Вездесущий ветер словно разметывал темноту. Поднебесные темно-зеленые купола хвойников соскребали шаткие звезды. Взору открылась настороженная Вадыльга. Исполосованная трещинами, испятнанная синими льдинами река подготовила дерзкую воду для захвата лугов, закустаренного низкобережья. За ночь на всем пологом загибе произошла отпайка льда от берегов.

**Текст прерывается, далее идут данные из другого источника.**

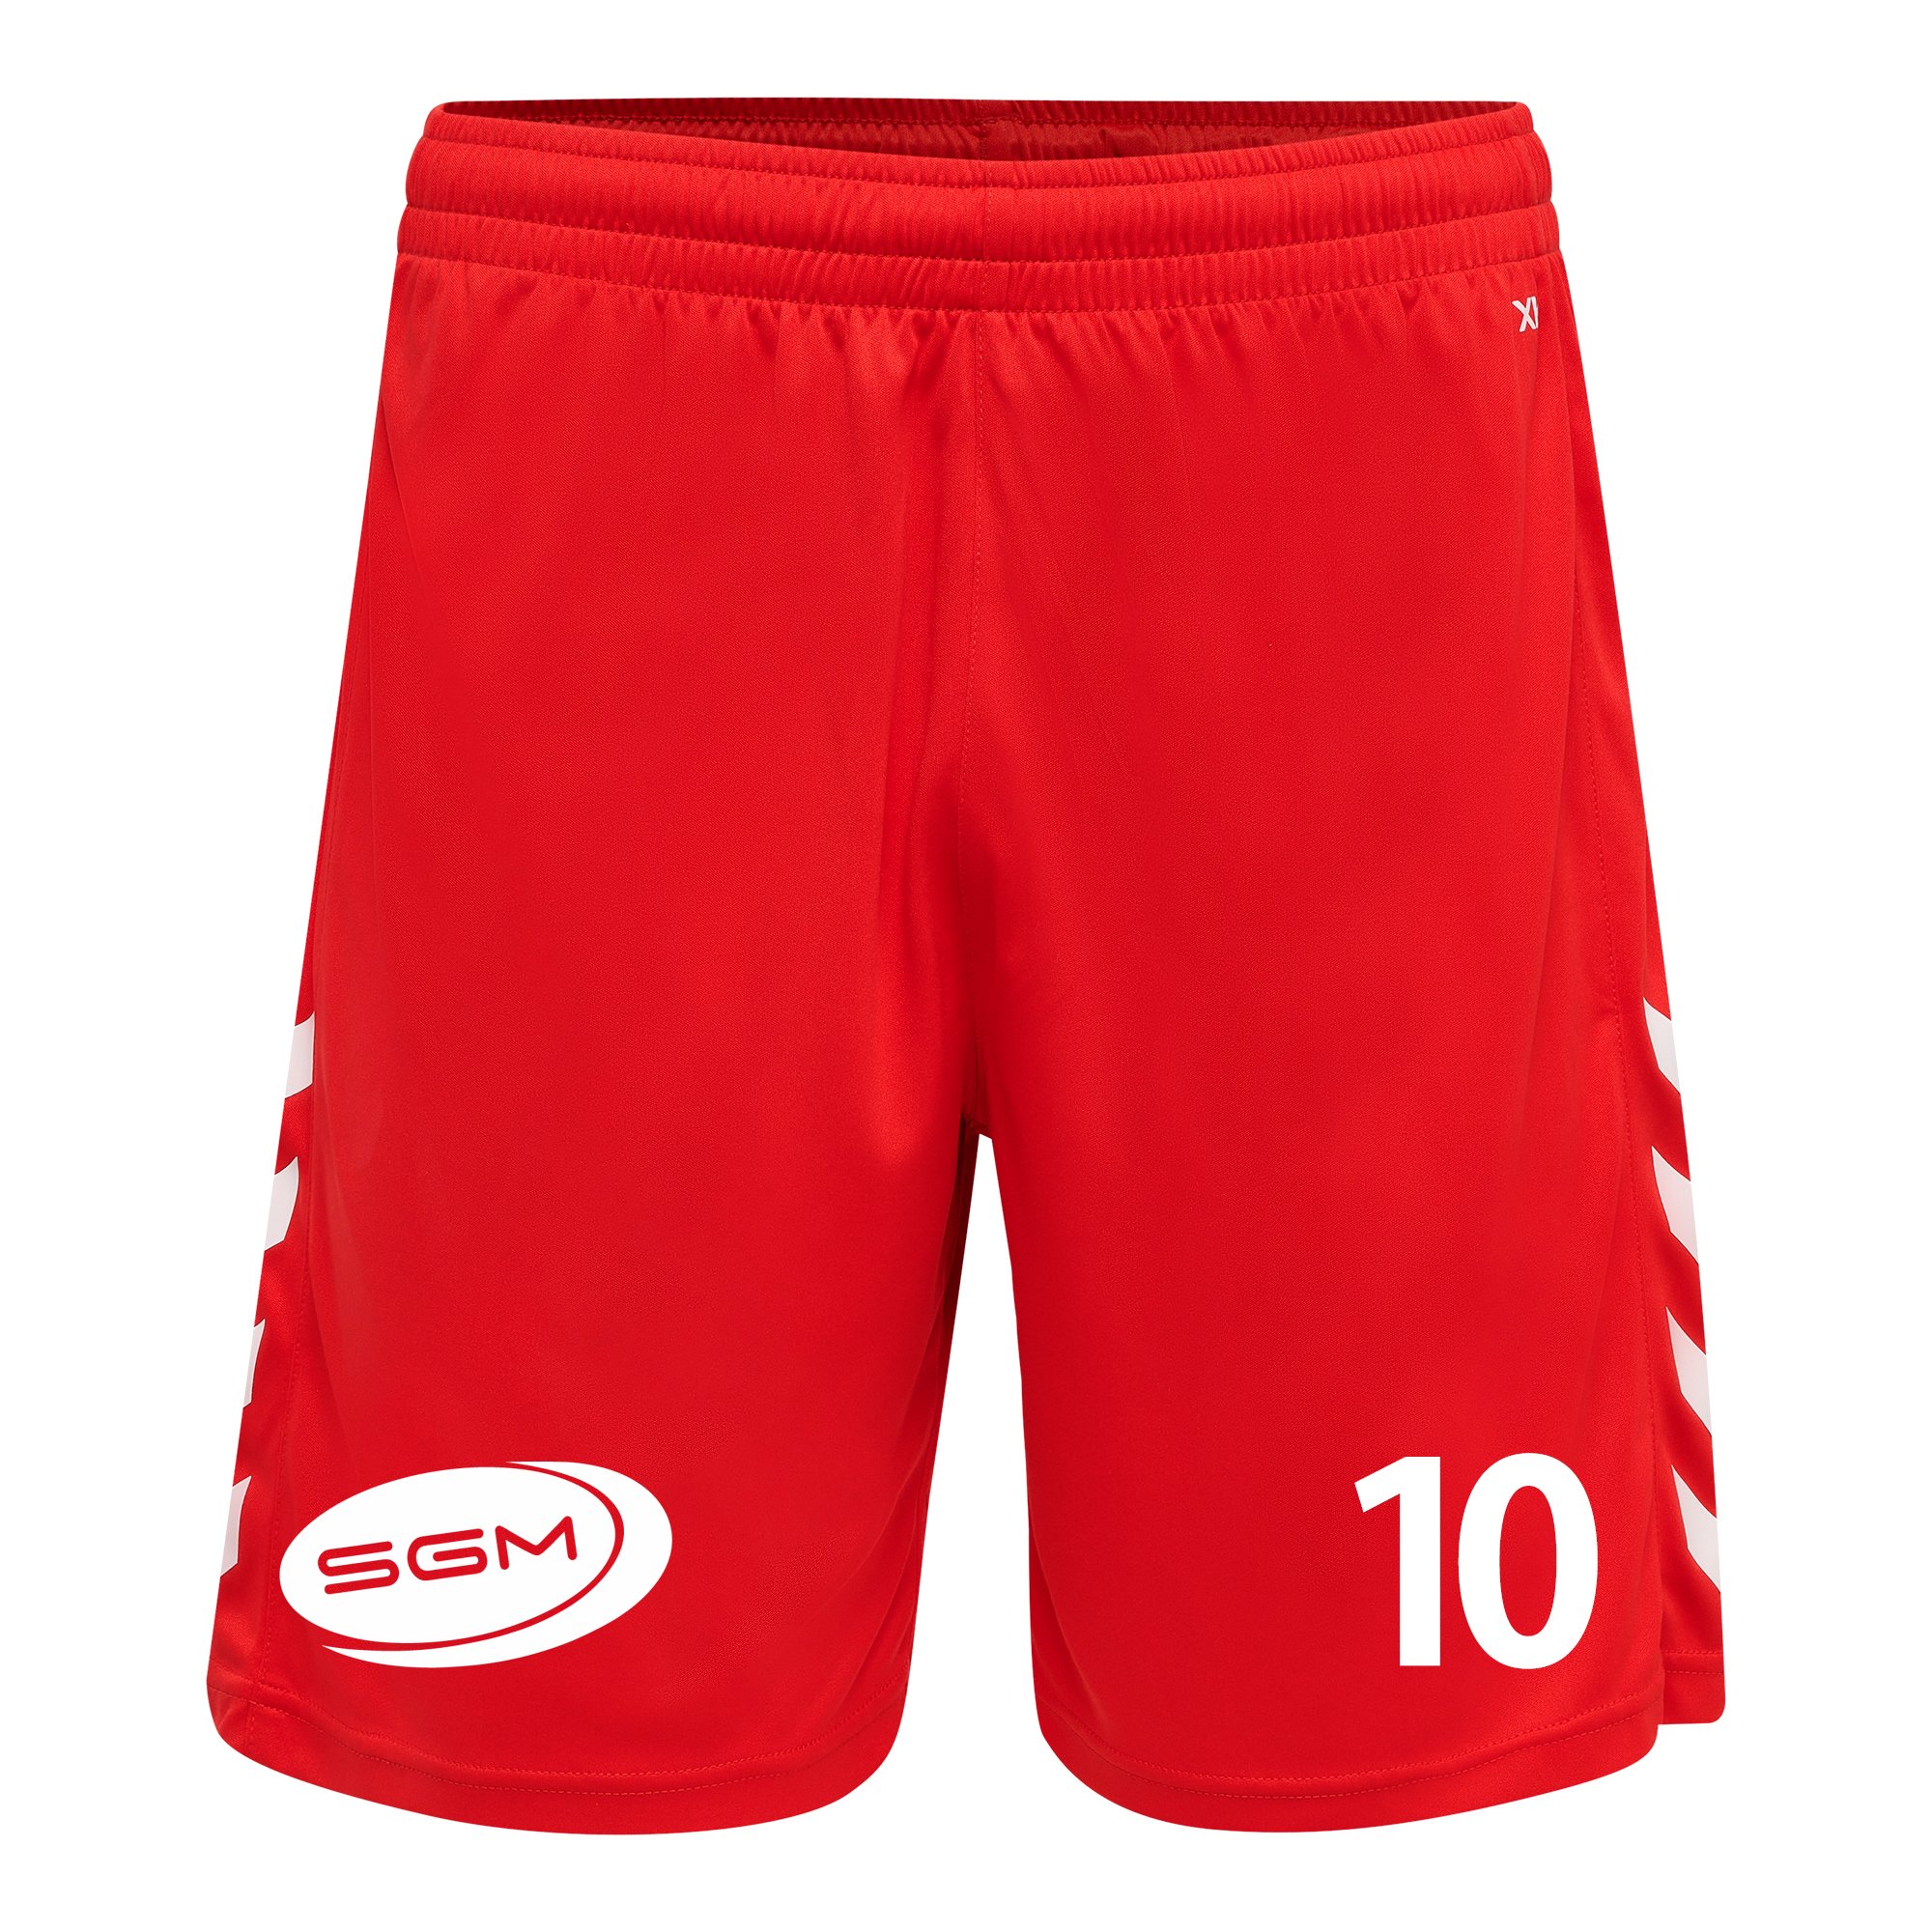 SG Misburg Shorts
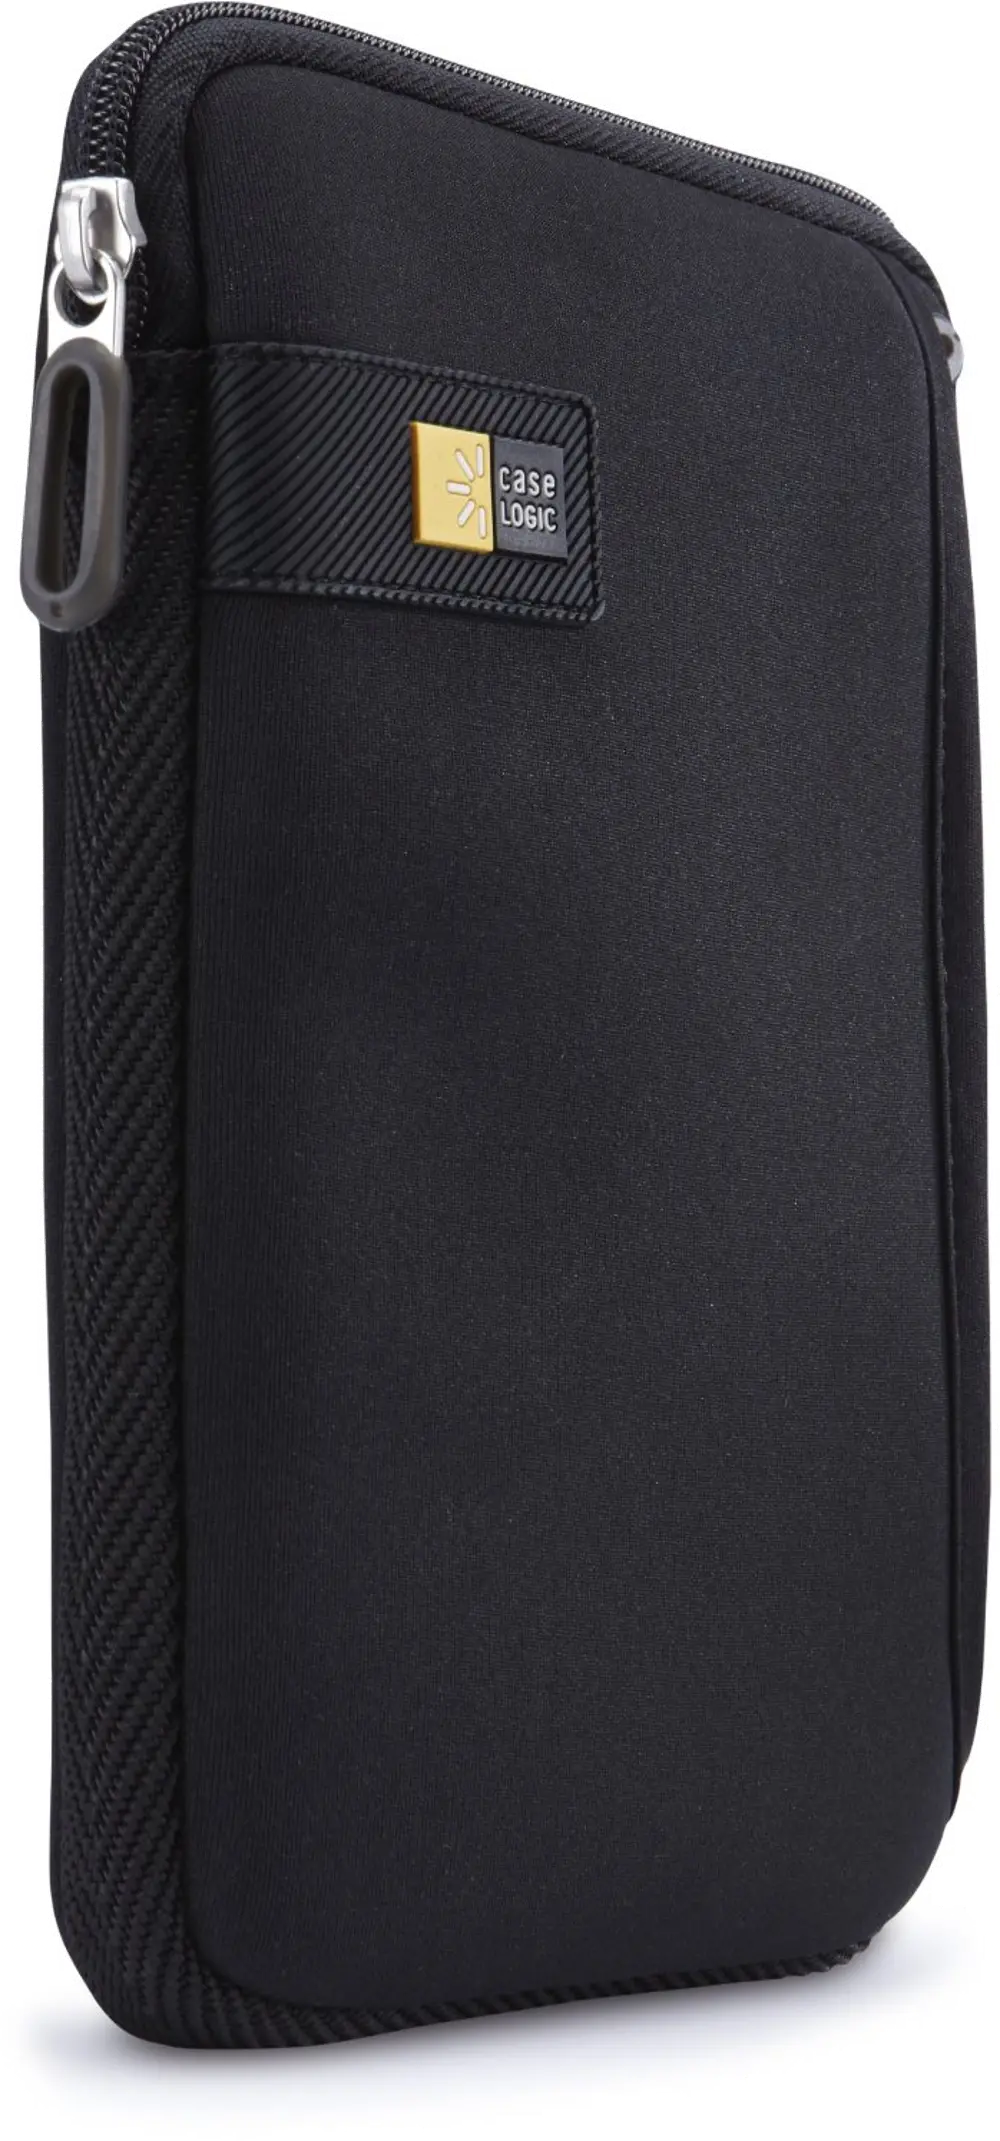 TNEO10 Case Logic iPad Mini/ 7 Inch Tablet Sleeve with Pocket - Black-1

Вадыльге пока не хватало силы справиться с неимоверным грузом зимы. Разбежке мешали заторы и сдерживающие берега. В нешироких проломах между скрипящих глыбин гудела рассерженная вода, скручивала в воронки торопливые струи.
– Поднатужься, реченька, – подбадривал лесообъездчик, – не оплошай. Тебе солнышко силы подбросит.
На бугристом месте просторного катища приготовлены к отправке увязанные пучки ружейной болванки, новенькие бочки, сбондаренные Политурой и его братаном. За самовольную валку лишних кедров лесничество составило акт. Крупный штраф предстоит выплатить самовольщикам.
Со дня на день ждали ледохода.
Марья похорошела лицом. Легкая синева под глазами, вздернутые брови, задумчивость прибавляли красоты. Солдатка часто гуляла по берегу с Павлуней. Перебирая мягкие волосенки над ушами, курлыкала нежные песенки. Недавно ходила пешком в Большие Броды. Попроведала деток, мать. Ждало письмецо с фронта. Григорий писал: жив-здоров, долго сидеть в окопах не приходится – гоним врага… Читала весточку в бане, уединясь. Наревелась до глазной рези. Гладила банный полок: на нем испытана с Гришухой боль и сладость любви. Хлюпала носом, роняла слезины на доски полка, пропитанные березовым, устойчивым духом. Заведомо вымаливала прощение у мужа: «Гриш… что было, то было… лупцуй вожжами, колоти поленом – оправдание есть: бабская зудиха одолела, хоть топись…»
Поплакала, повинилась сквозь тыловые и фронтовые версты – на душеньке полегчало.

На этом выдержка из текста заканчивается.